To me, it seems like the order that I would give those options in would be 4,3,2,1. This is because the most sensible option would be to listen to your country's allies (as they are likely to have Britain's best interests in mind). The second best option is to trust the crew, as the situation that resulted in an entire governmental destruction probably wouldn't respond well to any blanket statements like 1 and 2. Option 2 makes the next amount of sense because defaulting to no nuclear weapons is generally a smart policy. What do you believe should be the correct order?


I'd go with 5. Write one of each letter, and assign them to the submarines in a double-blind manner, so that no one knows what will happen.

The point of terrorism is to terrify, as they say.


Option 2 makes quite a bit of sense but only if your opponent doesn't think you've necessarily selected it.


1 and then 4


The letters have to instruct the commander to retaliate in order for nuclear deterrance to work - or at least your adversary has to believe that that is what the letters say. Otherwise your deterrance loses it's power.

Yet if commanders get to the point of actually reading the letters, then deterrance has obviously failed.

That's what makes these letters so interesting IMO.


> The documentary mentions Australia

Wow.

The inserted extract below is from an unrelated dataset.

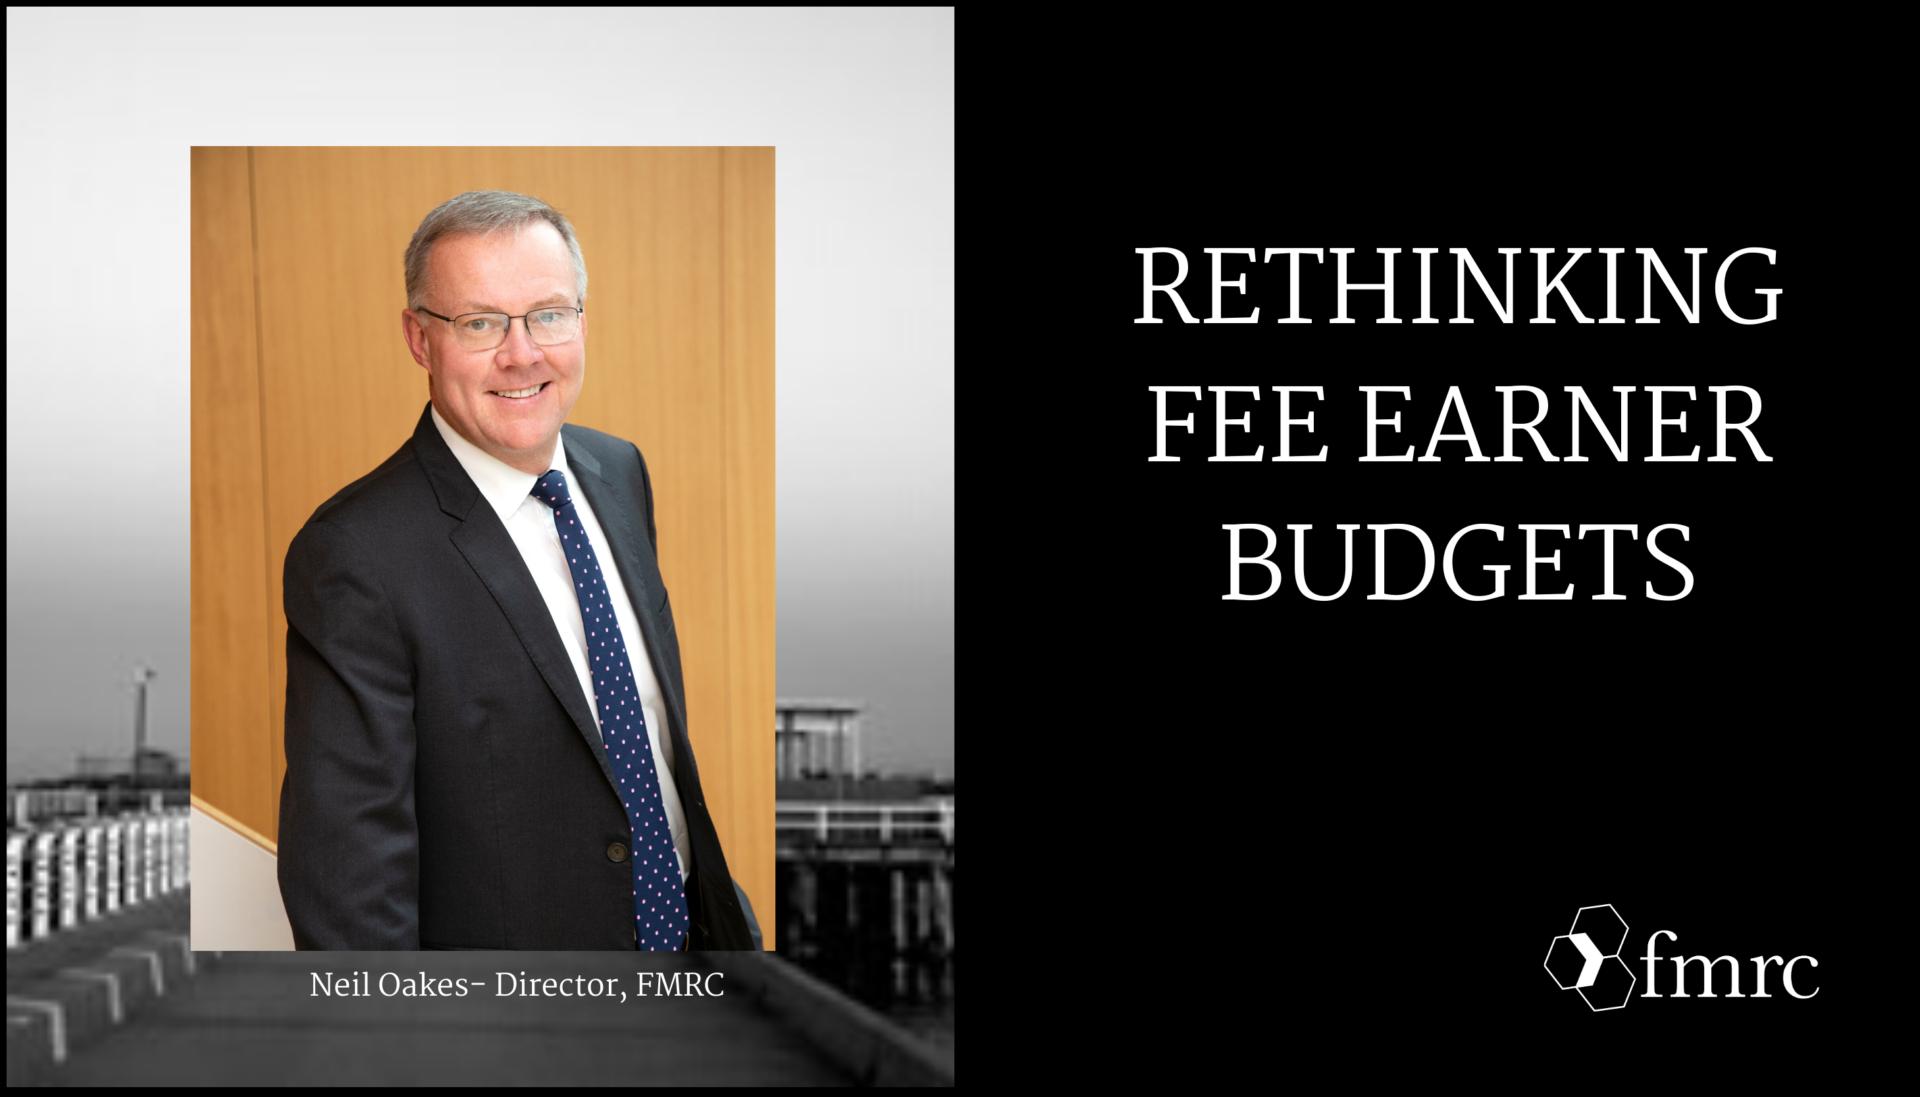 Rethinking Fee Earner Budgets
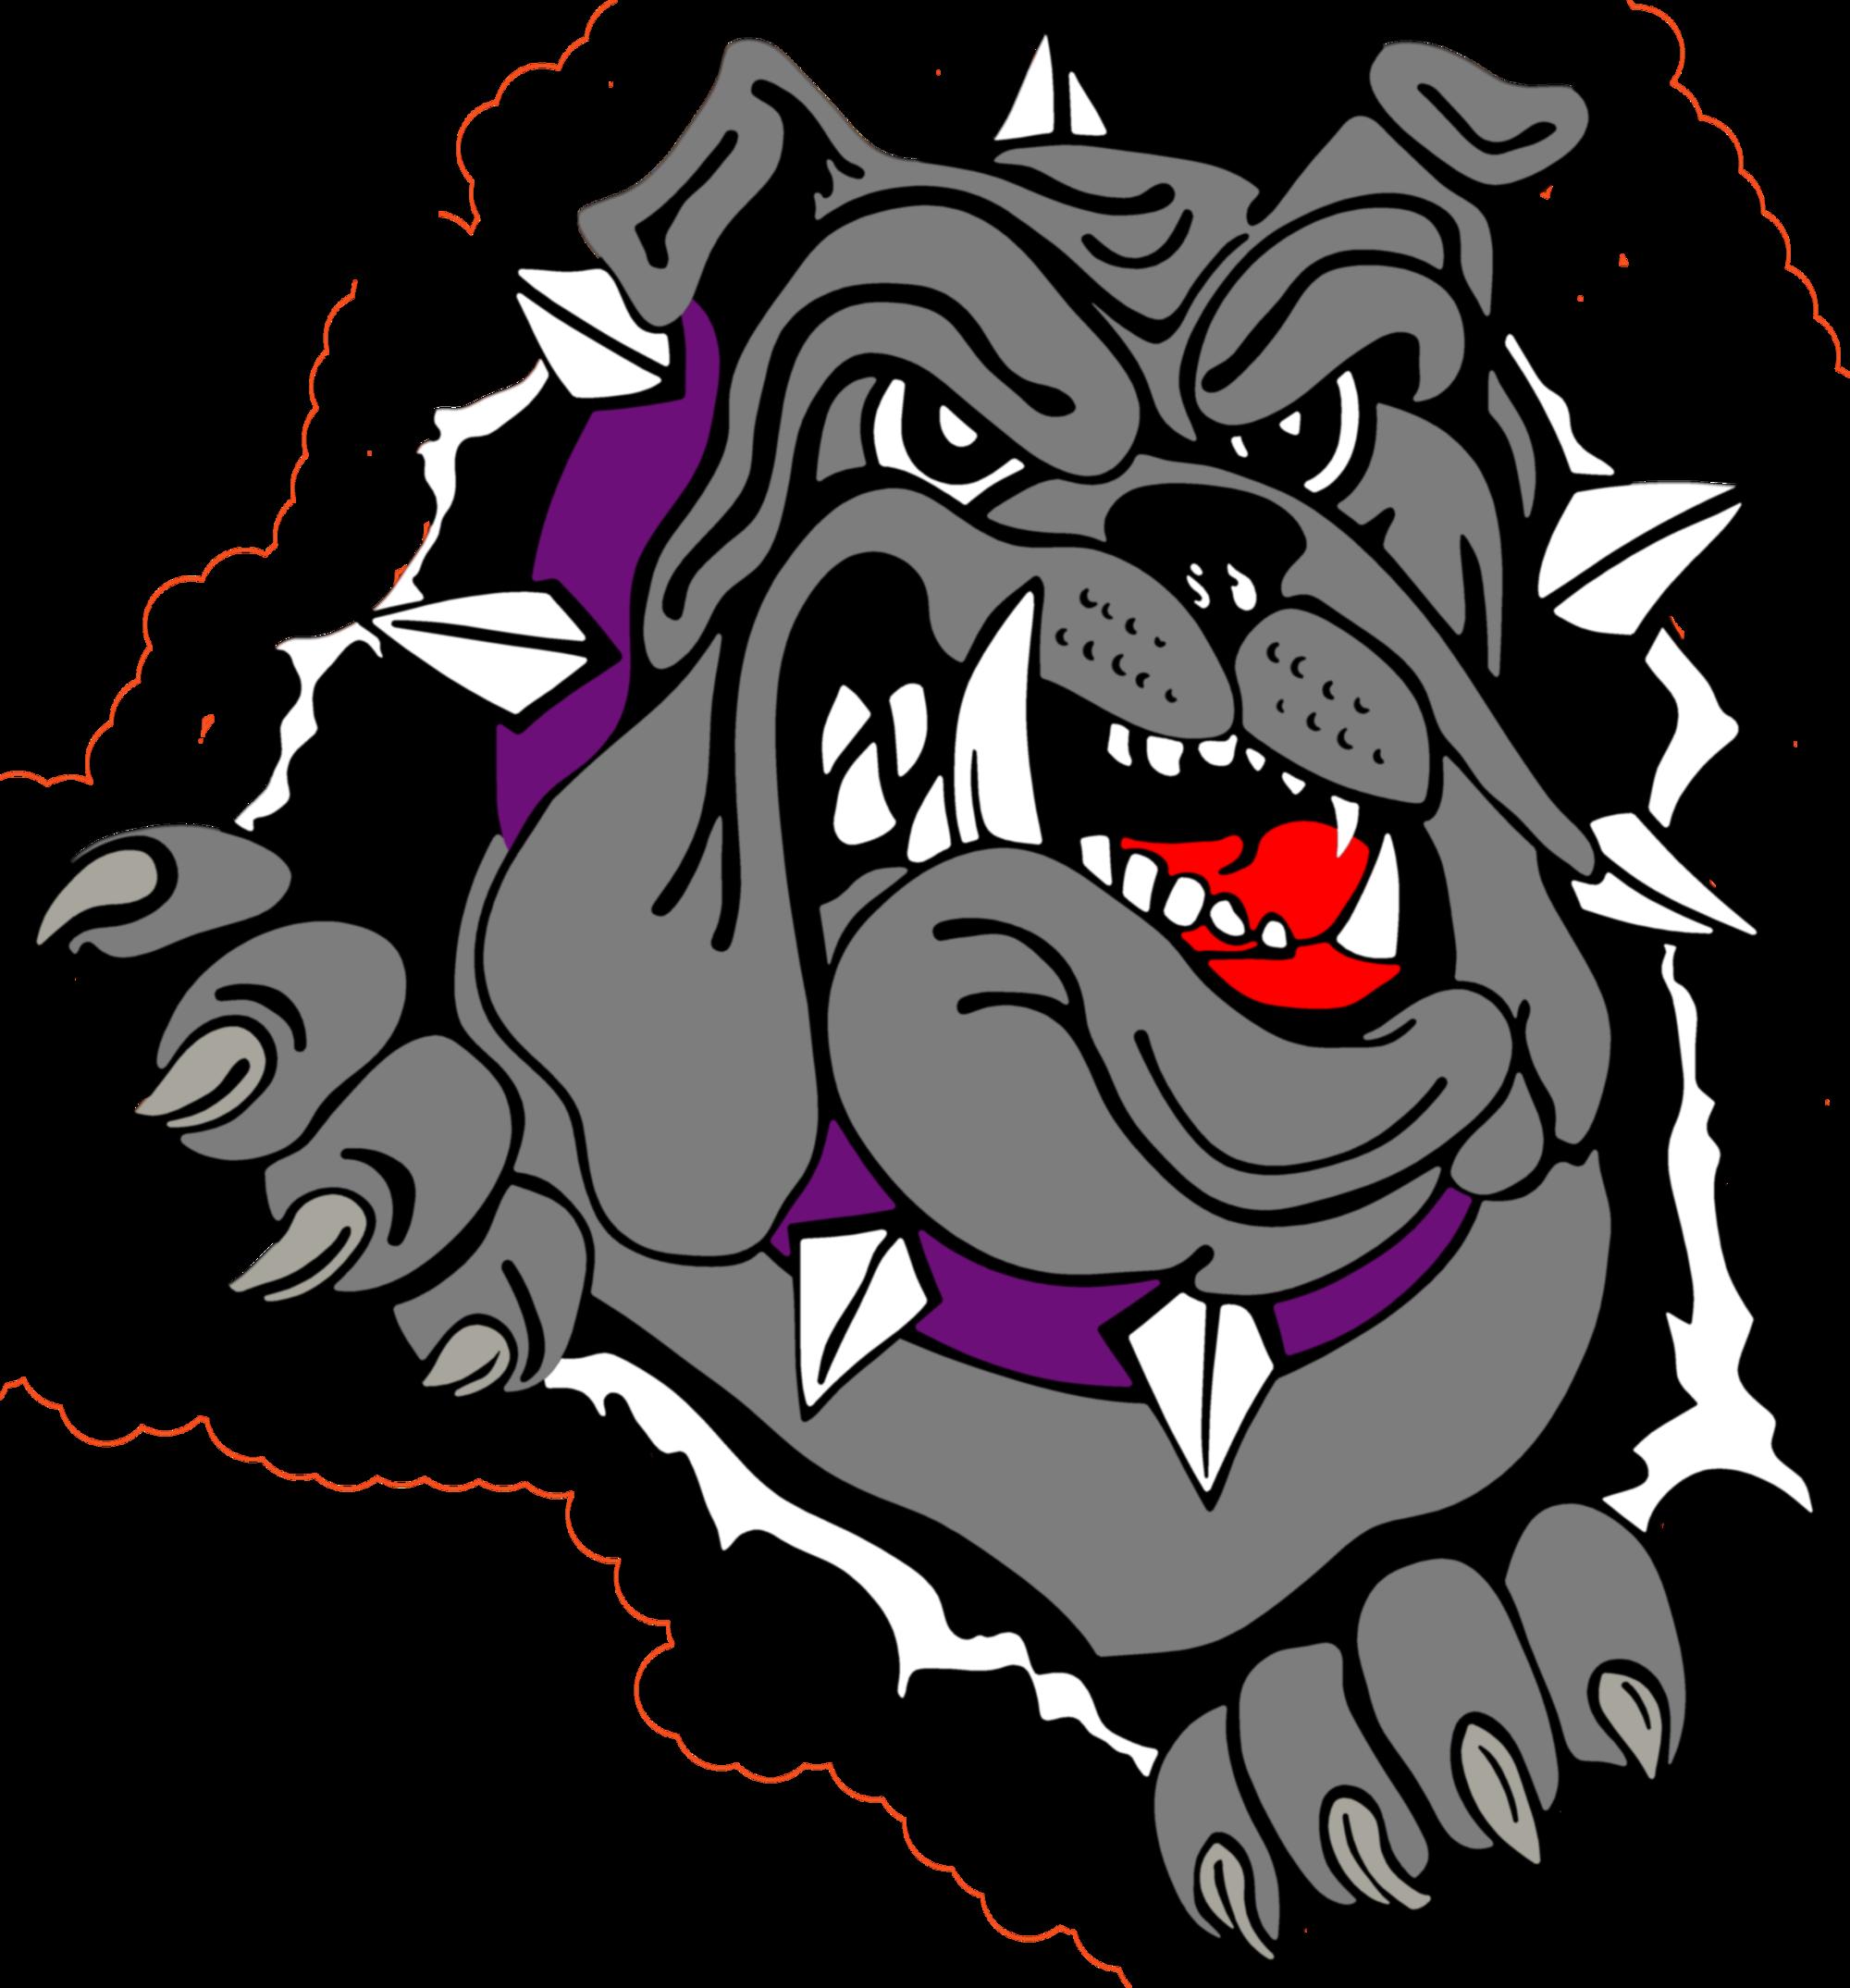 Bulldog football clipart image royalty free stock The Mullin Bulldogs - ScoreStream image royalty free stock

I'm glad I didn't know that when I was living in Canberra!

It's like The Godfather. Every time Australians think we're out of the empire game, they find a way to drag us back in.


It seems rather quixotic to have a last-resort plan for your country's collapse, with a potential to kill additional millions of people, and entrust the choice to a single person, and never question or even want to know what the choice was.

Sounds more like an Arthurian legend than stuff of modern diplomacy... but maybe that's British politics for me...


Do you think the letters really go unopened? Maybe the Royal Navy takes a peak to gauge which sort of asshat they'll be dealing with.


This video - https://vimeo.com/154370371 - depicts decisions around these considerations.


> use his or her own judgement

I can't speak for others, but I imagine I would be livid if I ever had to open one of these and the Prime Minister chose the "just do whatever" option.


Then you’d do what any civilized person would: sit down and have tea.


to be fair, if your country no longer exists there's no one to actually enforce these so really they're all "just do whatever" some just have suggestions


Why would you be angry? The letter was written when the PM first came into office, the political landscape would surely have considerably changed since then if it came to nuclear war. You'd have both more context and more freedom to act on what you think is right — I see no reason to be mad that you can't shift the choice to someone else.


I'd take it over "retaliate with nuclear weapons."